4- Bazı hastalıklar ve ilaçlar

Özellikle tiroit bezinin çok çalışması (hipertiroidi), yüksek tansiyon (hipertansiyon), kan yağlarının yüksekliği (hiperkolesterolemi - hiperlipidemi) diyabet gelişme riskini artırdığından düzenli kontrol ve tedavisi çok önemli. Ayrıca, başını kortizonlu romatizma ilaçları, doğum kontrol hapları ve idrar söktürücü türü tansiyon ilaçlarının çektiği bazı ilaçlar da metabolizmayı olumsuz etkileyerek diyabetin ortaya çıkışını kolaylaştırıyor.

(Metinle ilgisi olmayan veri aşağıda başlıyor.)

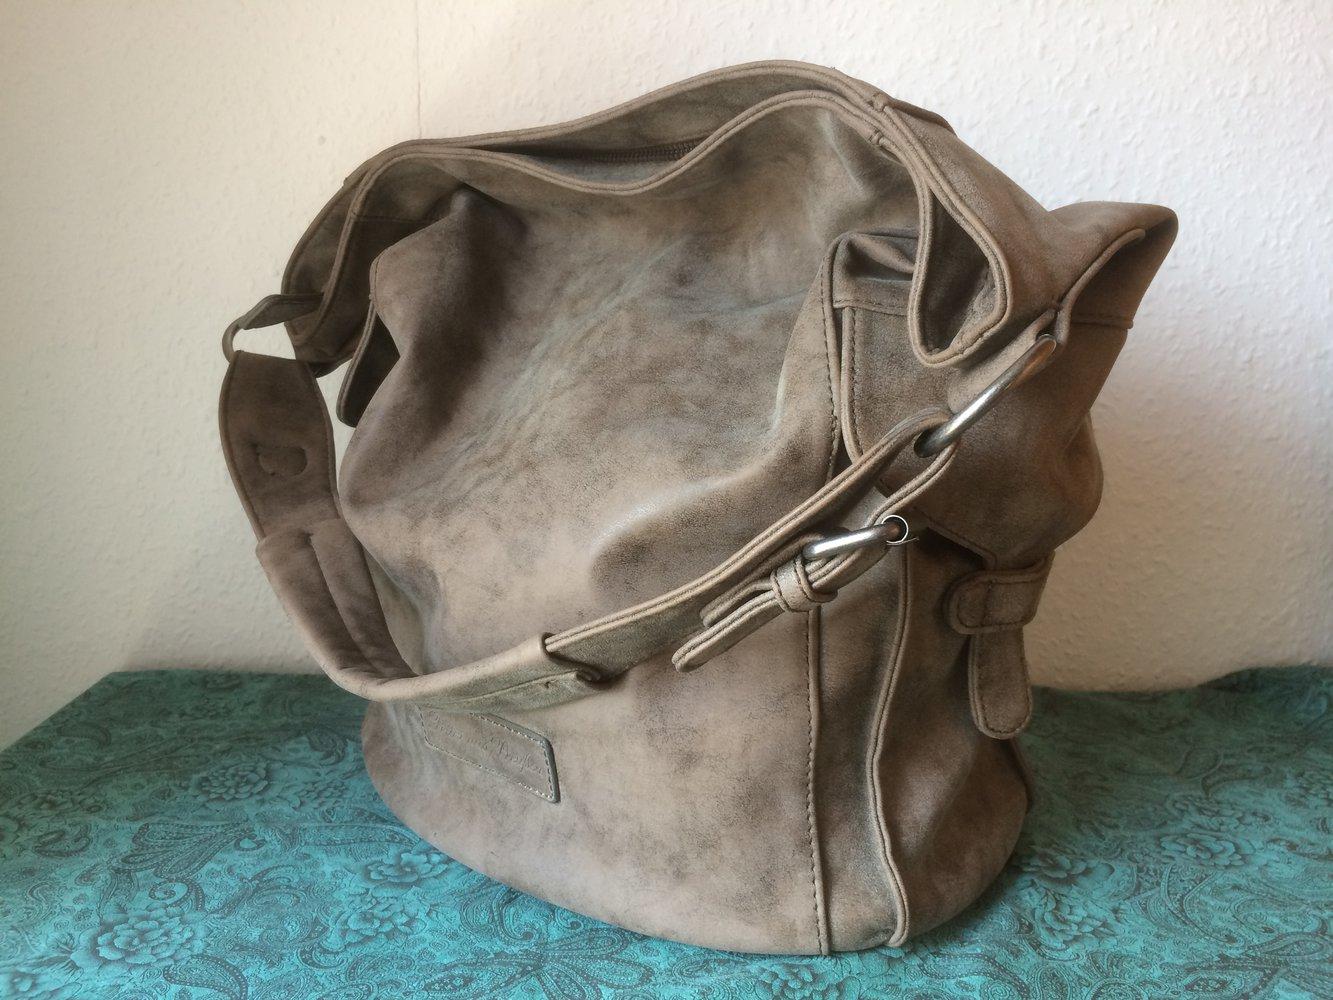 1d9a0ea058b77 Fritzi Aus Preußen - Fritzi aus Preußen Judy Vintage Handtasche ...

5- Kronik stres diyabet yapıyor

Stres hormonları vücutta insülin direncini artırır. Bu hormon seviyelerinde az da olsa artışın süreklilik kazanması kişiyi obezite, diyabet, kalp ve damar hastalıkları için riskli gruba sokar. Genetik yönden metabolizması eğilimli olanlar doğal olarak daha kolay bu hastalıklarla yüz yüze kalacaklardır. Gece aşırı horlama ve uyku apnelerinin (uykuda nefes durması) kronik stres kaynağı olduğu ve bu riskleri artırdığı bilindiğinden gecikmeden tedavi olmak gerekiyor.

6- Kentleşme

Toplumda kırsal kesimden büyük şehre göç de diyabete zemin hazırlıyor. Çünkü kırsal kesimde yüksek olan fiziksel aktivite düzeyleri ve sağlıklı beslenme alışkanlıkları şehrin modern kargaşası içinde kayboluyor, bu da obezite ve diyabet eğilimini artırıyor.

7- Sporun bırakılması

Düzenli egzersiz yada profesyonel spor yapanların metabolizması hızlı kalori yakılmasına uyum sağladığından herhangi bir sebeple sporun bırakılması daha evvel yakılabilen kalorilerin vücutta yağ olarak birikmesine, dolayısıyla obeziteye, ardından da diyabete yol açabiliyor. Bu nedenle profesyonel sporcuysanız ve aktif spor yaşamını bitirdiyseniz düzenli egzersizlerle sağlığınızı korumaya dikkat edin.

8- Çocukluk çağı obezitesi

Çocukluk ve ergenlik döneminde fast-food tarzı beslenme, bol miktarda tüketilen şekerli gıdalar ve hareketsizlik nedeniyle çok kolay kilo artışı olabiliyor. Çocukların ilk beslenme alışkanlıkları aile içinde oluştuğundan doğru örnek olmak, sağlıklı beslenme alışkanlığı kazandırmak ve spora teşvik etmek çok önemli. Ailesinde kiloya eğilim, obezite, diyabet ya da kalp-damar hastalıkları bulunan çocukların risk grubunda olduklarını unutmamak gerekiyor.

9- Sık gebelik

Sık gebelik, değişen hormon düzeyleri nedeniyle annenin metabolizmasını zorlayan bir unsur olduğundan, metabolizması yatkın olan bireyleri diyabete taşıyabiliyor. Gebelikte şeker yükselmesi yani gebelik diyabeti riski daha da artırıyor.

10- Genetik Yatkınlık

Diyabette genetik yatkınlık da önemli bir unsur. Eğer ebeveynlerden biri 50 yaşından sonra diyabete yakalanmışsa risk yüzde 7, daha erken yaşta diyabete yakalanmışsa risk yüzde 15’i buluyor. Hem anne hem baba diyabetik ise risk yüzde 50’ye yükseliyor. Ancak sağlıklı yaşam tedbirleri ile bu riski azaltmak mümkün. Bunun tam tersi de geçerli. Ailesinde diyabet olmayan obez ve hareketsiz bir kişinin diyabet riski yükseliyor.